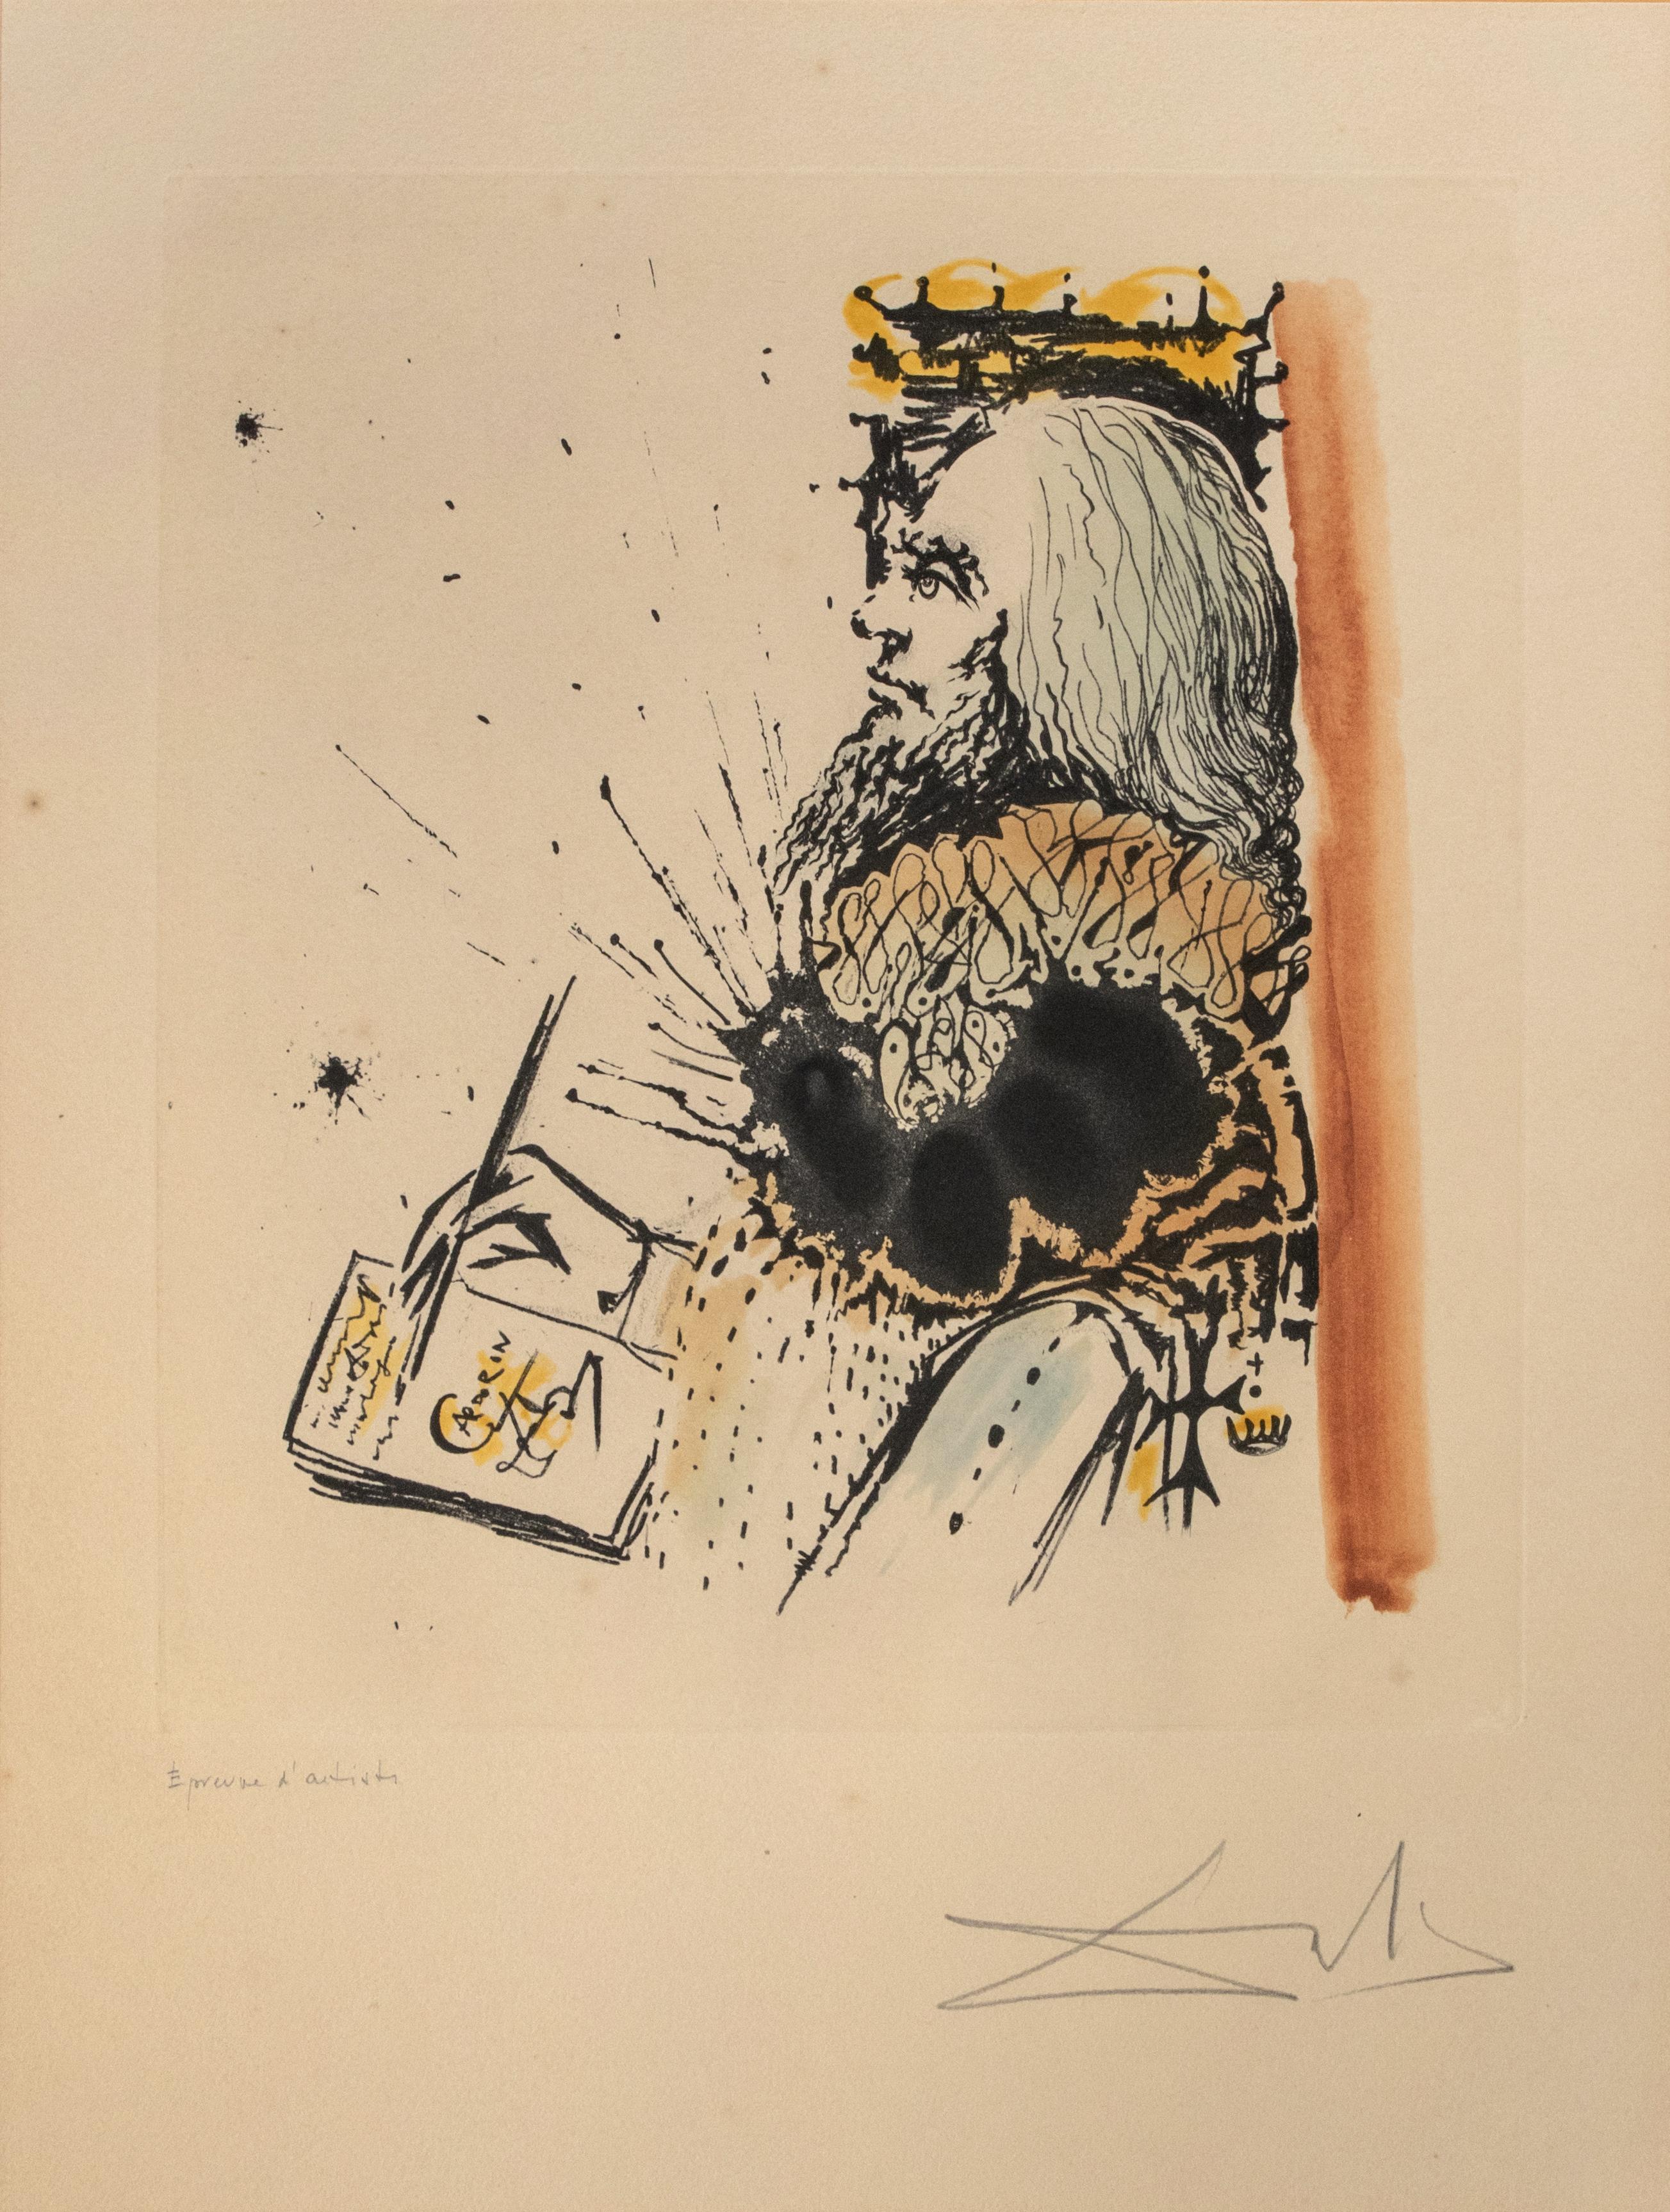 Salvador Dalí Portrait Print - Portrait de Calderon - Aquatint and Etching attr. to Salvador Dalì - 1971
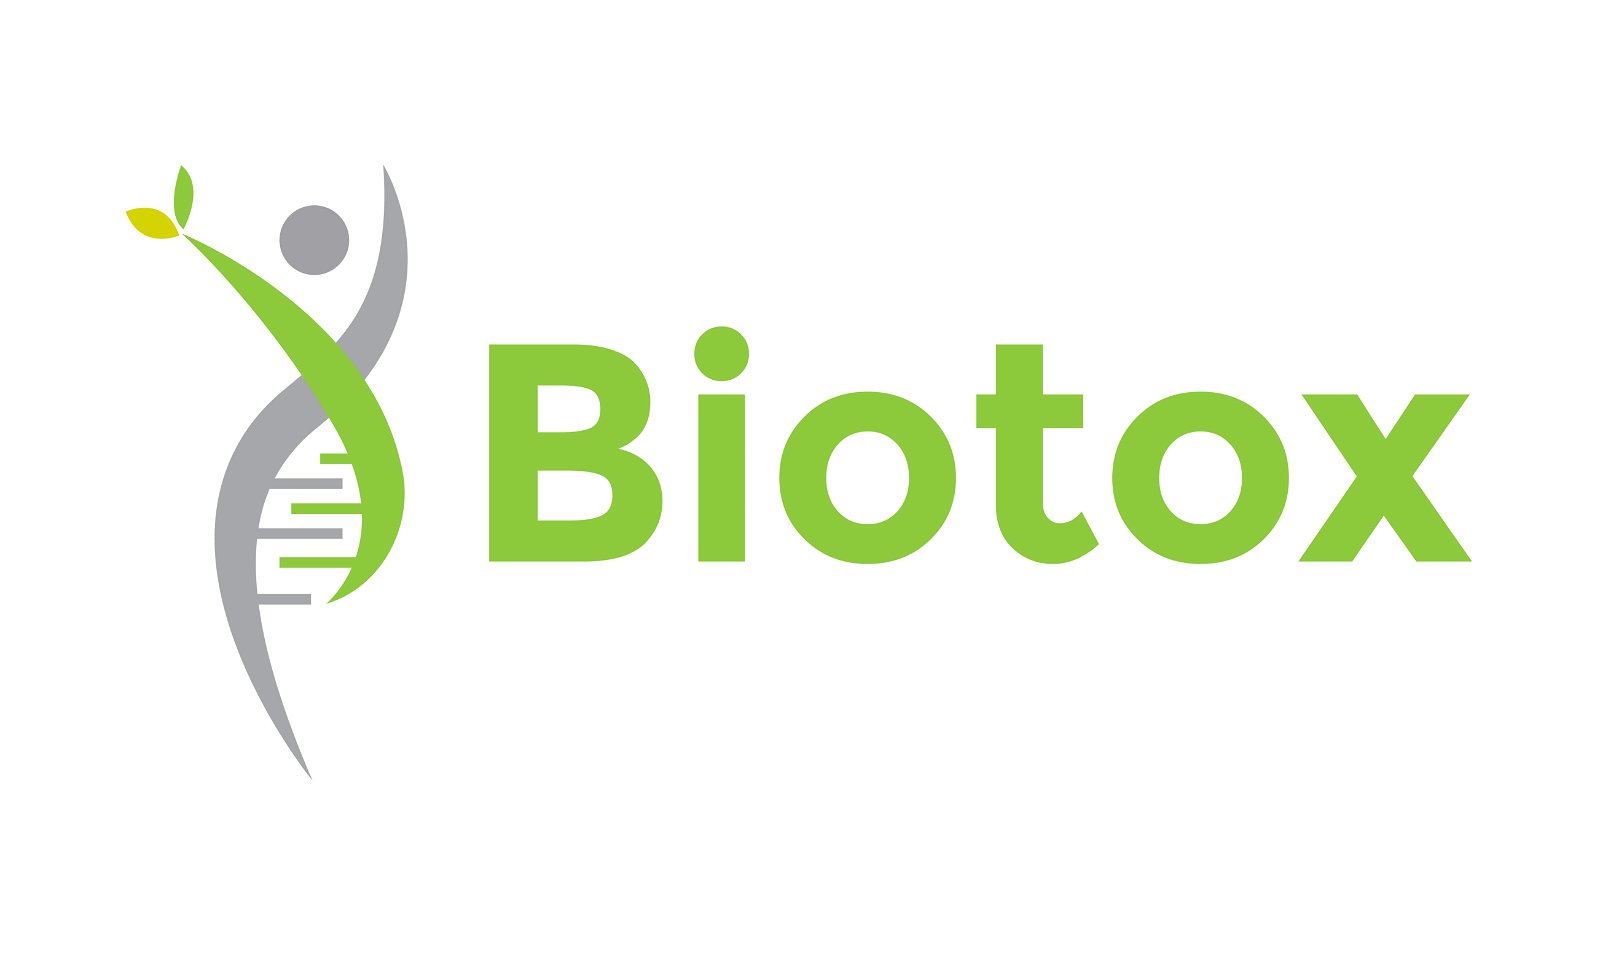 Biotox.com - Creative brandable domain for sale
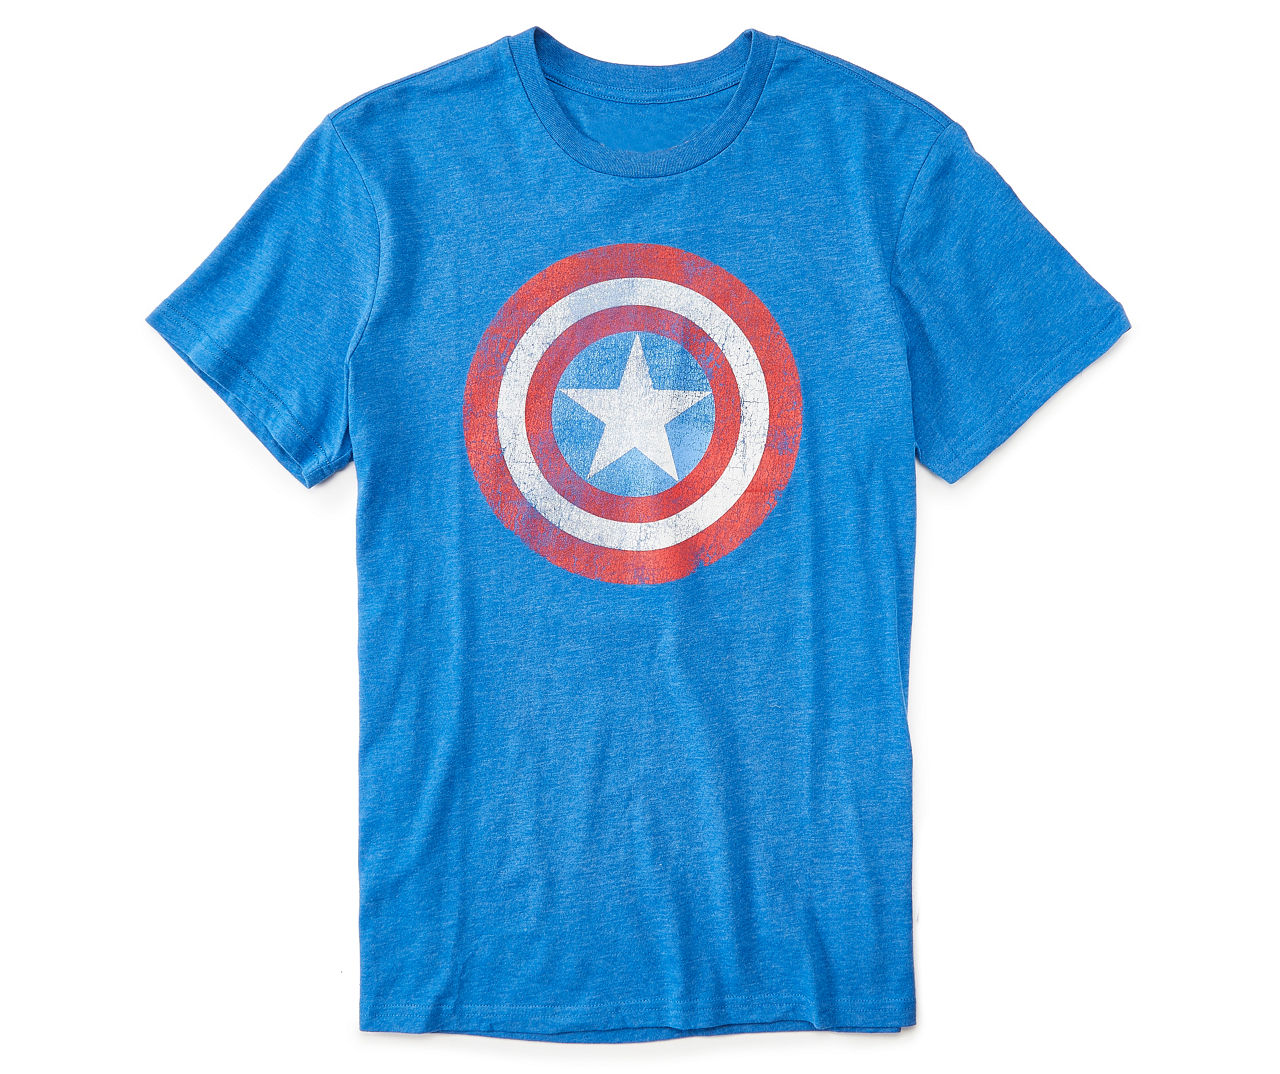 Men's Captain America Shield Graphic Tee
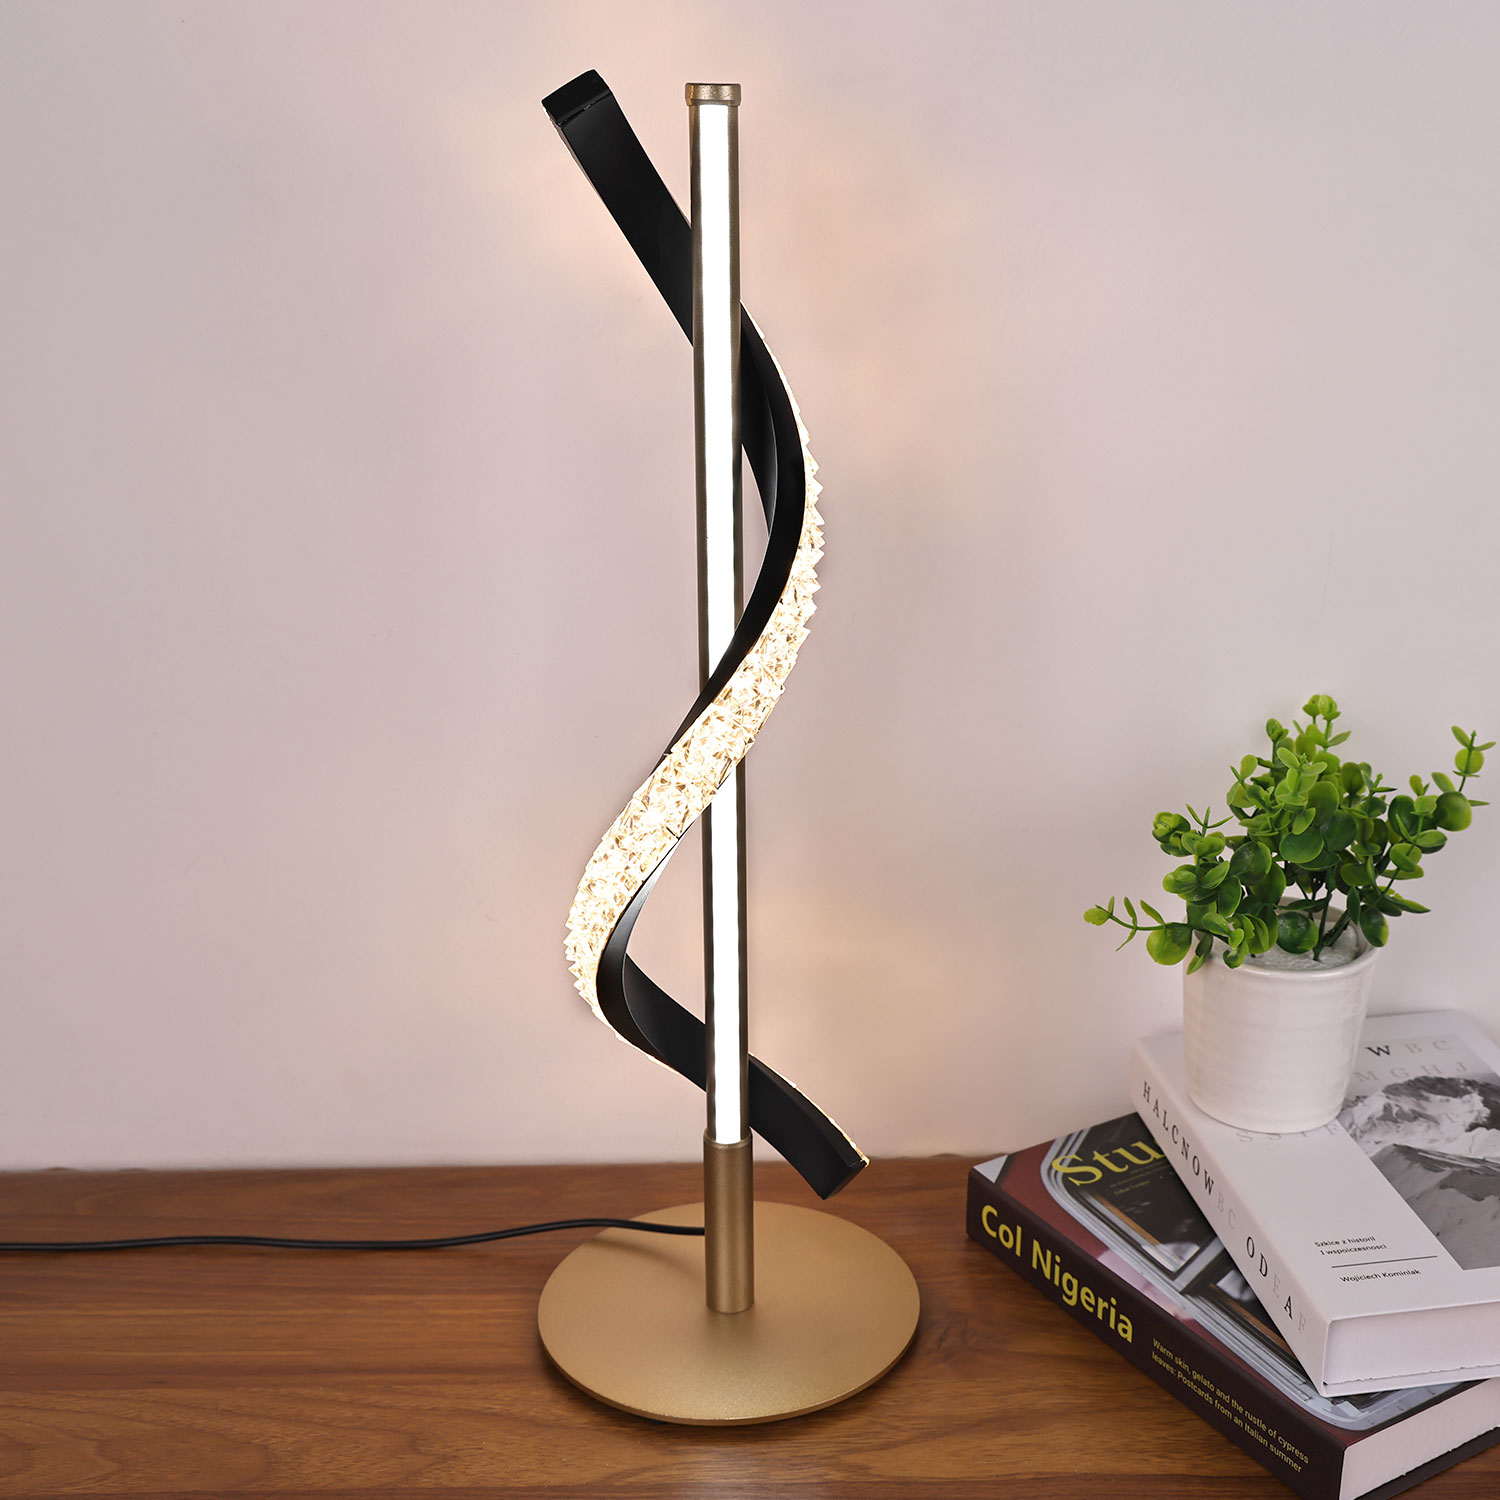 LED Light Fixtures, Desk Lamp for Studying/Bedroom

**Task statement**
Restate the whole listing above exactly, except for its images.

**Response area**
 Salvador Dalí Portrait Print - Portrait de Calderon - Aquatint and Etching attr. to Salvador Dalì - 1971
 Biotox.com - Creative brandable domain for sale
 Men's Captain America Shield Graphic Tee
 LED Light Fixtures, Desk Lamp for Studying/Bedroom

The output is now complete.